Sequence representation as an early step in the evolution of language

Human language is unique in its compositional, open-ended, and sequential form, and its evolution is often solely explained by advantages of communication. However, it has proven challenging to identify an evolutionary trajectory from a world without language to a world with language, especially while at the same time explaining why such an advantageous phenomenon has not evolved in other animals. Decoding sequential information is necessary for language, making domain-general sequence representation a tentative basic requirement for the evolution of language and other uniquely human phenomena. Here, using formal evolutionary analyses of the utility of sequence representation we show that sequence representation is exceedingly costly and that current memory systems found in animals may prevent abilities necessary for language to emerge. For sequence representation to evolve, flexibility allowing for ignoring irrelevant information is necessary. Furthermore, an abundance of useful sequential information and extensive learning opportunities are required, two conditions that were likely fulfilled early in human evolution. Our results provide a novel, logically plausible trajectory for the evolution of uniquely human cognition and language, and support the hypothesis that human culture is rooted in sequential representational and processing abilities.

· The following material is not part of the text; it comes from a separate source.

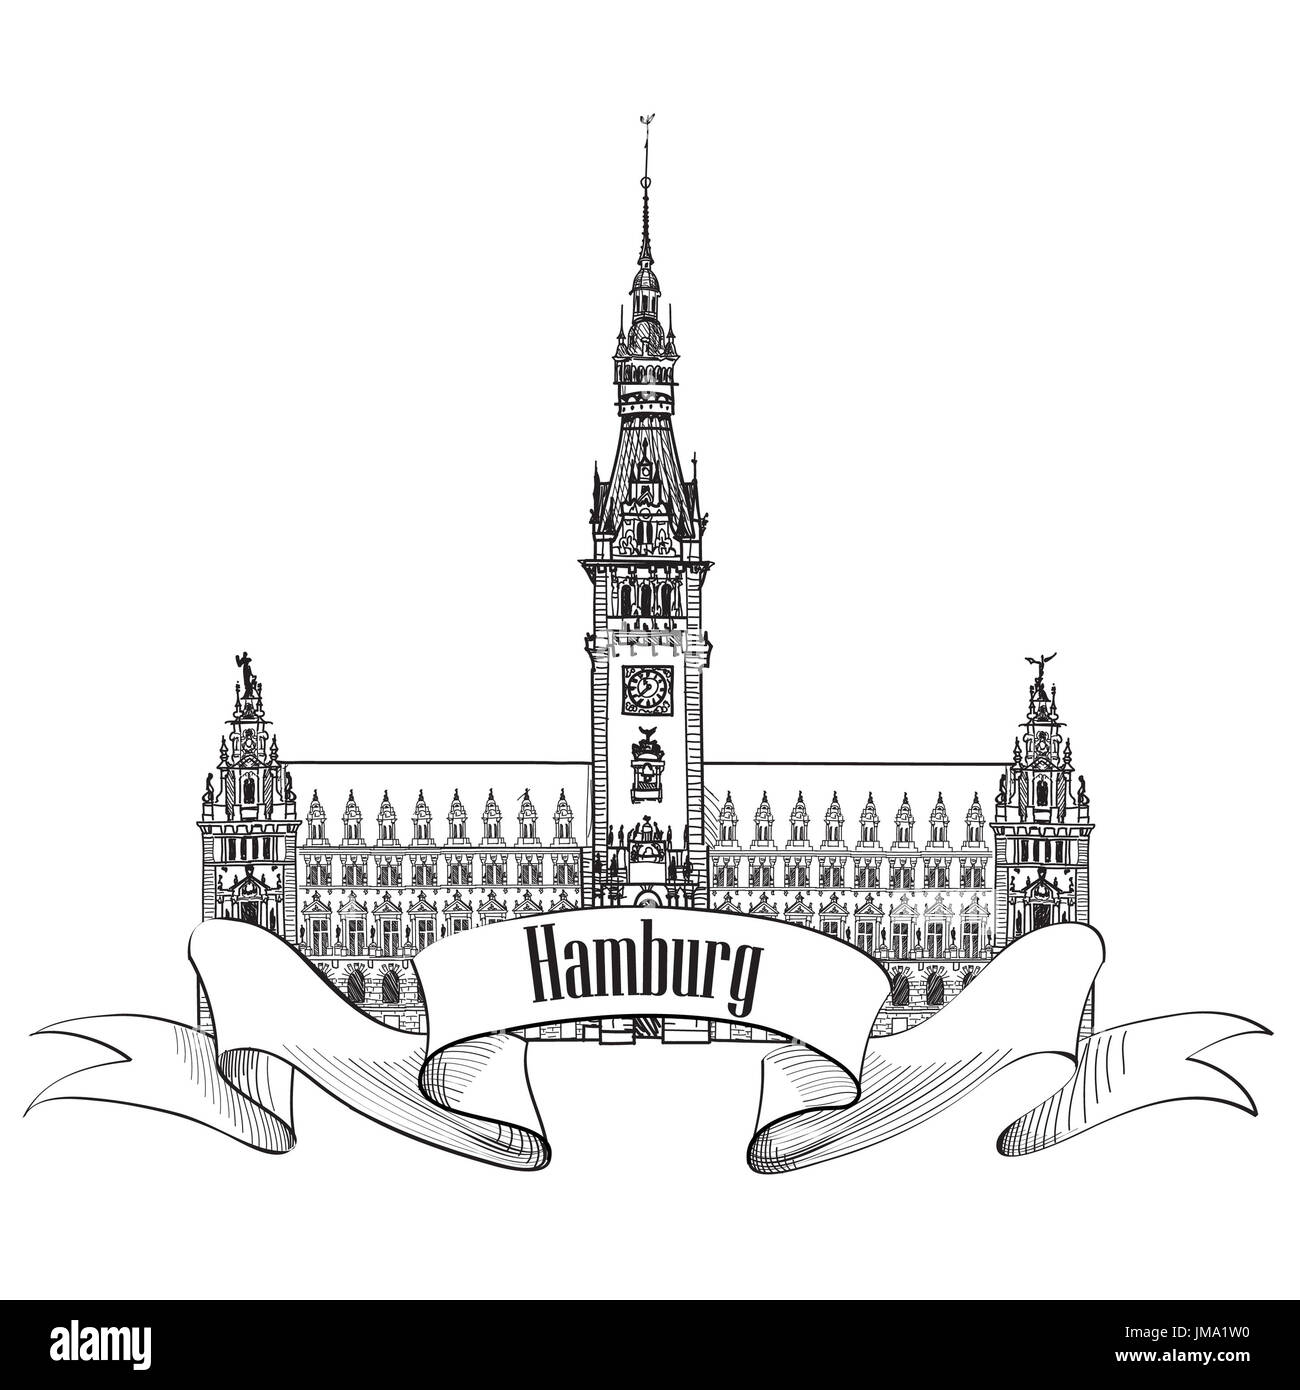 Hamburg Sehenswürdigkeiten Rathaus. Deutschland, Europa. Hand gezeichnet Vektor Skizze deutsche Symbol der Stadt. Stockfoto

A test of memory for stimulus sequences in great apes

Identifying cognitive capacities underlying the human evolutionary transition is challenging, and many hypotheses exist for what makes humans capable of, for example, producing and understanding language, preparing meals, and having culture on a grand scale. Instead of describing processes whereby information is processed, recent studies have suggested that there are key differences between humans and other animals in how information is recognized and remembered. Such constraints may act as a bottleneck for subsequent information processing and behavior, proving important for understanding differences between humans and other animals. We briefly discuss different sequential aspects of cognition and behavior and the importance of distinguishing between simultaneous and sequential input, and conclude that explicit tests on non-human great apes have been lacking. Here, we test the memory for stimulus sequences-hypothesis by carrying out three tests on bonobos and one test on humans. Our results show that bonobos' general working memory decays rapidly and that they fail to learn the difference between the order of two stimuli even after more than 2,000 trials, corroborating earlier findings in other animals. However, as expected, humans solve the same sequence discrimination almost immediately. The explicit test on whether bonobos represent stimulus sequences as an unstructured collection of memory traces was not informative as no differences were found between responses to the different probe tests. However, overall, this first empirical study of sequence discrimination on non-human great apes supports the idea that non-human animals, including the closest relatives to humans, lack a memory for stimulus sequences. This may be an ability that sets humans apart from other animals and could be one reason behind the origin of human culture.